Mathematical Construction

Introduction

This document presents the full mathematical derivation of the Ives–Stilwell result from first principles of the Lilborn Framework. Our objective is to show that the observed spectral symmetry and second-order Doppler shift can be explained entirely through spatial coherence geometry, without invoking time dilation.

Definitions and Framework Setup

  • Let v be the velocity of the moving emitter relative to the observer.
  • Let ℓ be the structural coherence constant (analogous in value to c but not a speed).
  • Let k₀ be the intrinsic spatial frequency (coherent cycles per unit spatial length).
  • Let θ be the angle between the direction of motion and the observer’s line of sight.
  • Let k be the spatial frequency registered by the observer.

First-Order Shift
Longitudinal Doppler

When the emitter moves directly toward or away from the observer (θ = 0 or π), the coherence cycles compress or expand geometrically.
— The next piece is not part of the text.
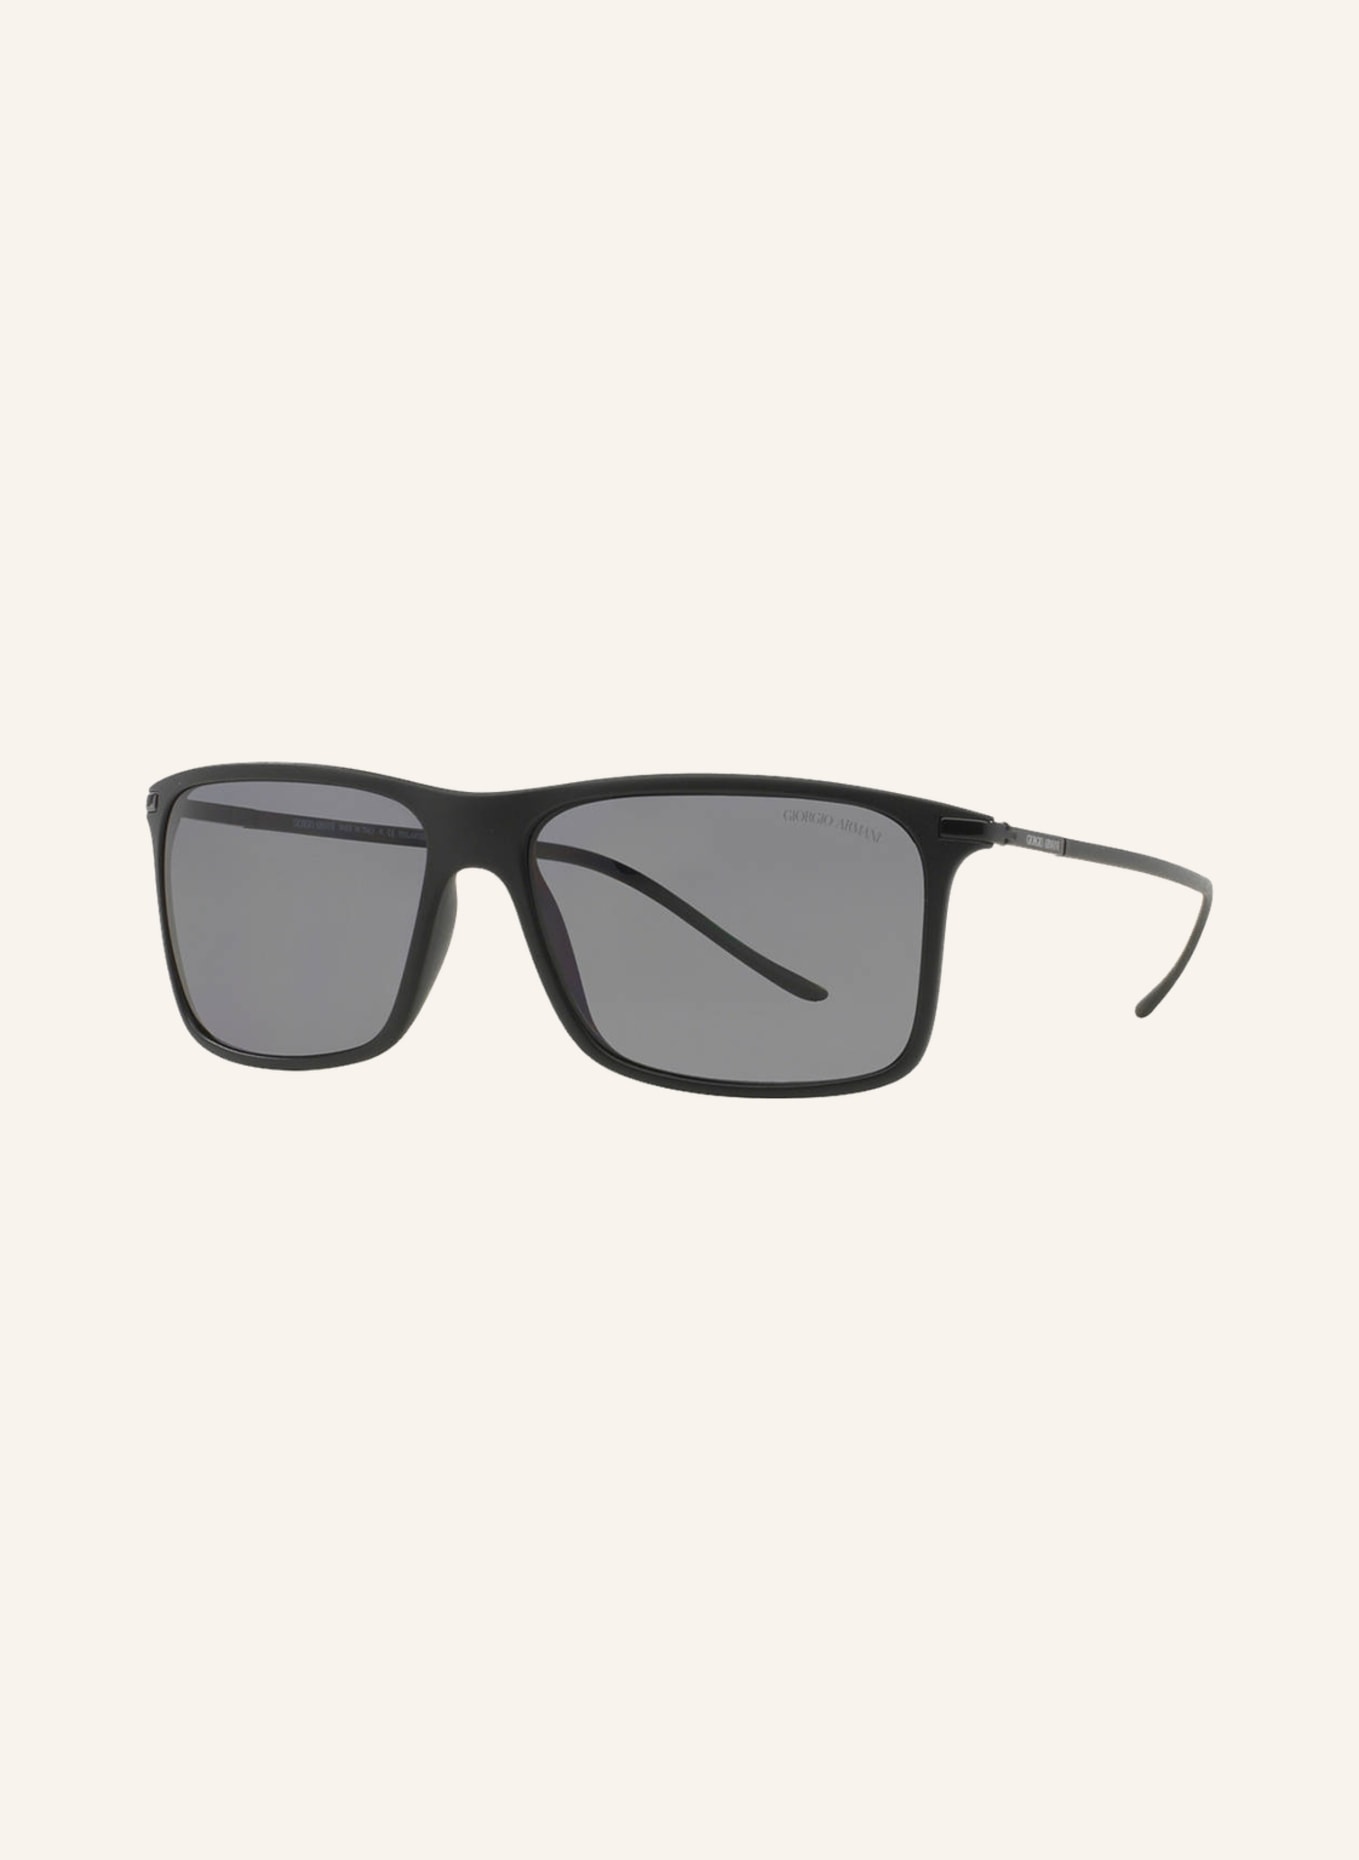 EMPORIO ARMANI Sunglasses AR8034, Color: 504281 - MATTE BLACK/GRAY POLARIZED (Image 1)

The projected spatial frequency is given by:

k = k₀ * (1 ± v / ℓ)

This captures the classical Doppler effect as a spatial compression (blue shift) or expansion (red shift).

Second-Order Shift
Transverse Projection

When the emitter moves transverse (θ = π/2), the first-order effect vanishes.

However, the coherence projection still yields a change due to angular misalignment:

k = k₀ * sqrt(1 – (v² / ℓ²))

Expanding this using a binomial approximation:

k ≈ k₀ * (1 – ½ * v² / ℓ²)

This predicts a shift proportional to v² / ℓ², the exact term attributed to time dilation in Special Relativity, here derived purely from geometric misalignment.

Symmetric Bi-directional Doppler Shift

Ives–Stilwell observed symmetric frequency shifts both forward and backward, explained in this framework as follows:

k_forward  = k₀ * (1 + v/ℓ) * sqrt(1 – v²/ℓ²)

k_backward = k₀ * (1 – v/ℓ) * sqrt(1 – v²/ℓ²)

These results reproduce the observed spectral symmetry and shift, without invoking a change in time rate, but rather by spatial projection inefficiency.

Conclusion

The Lilborn Framework successfully re-derives the Ives–Stilwell experimental outcome using a geometric model of coherence. The second-order Doppler effect, long interpreted as time dilation, is shown here to be a structural consequence of coherent projection geometry.

This concludes the full reconstruction. Let this stand as the replacement of relativistic time dilation with the observable geometry of spatial coherence interaction.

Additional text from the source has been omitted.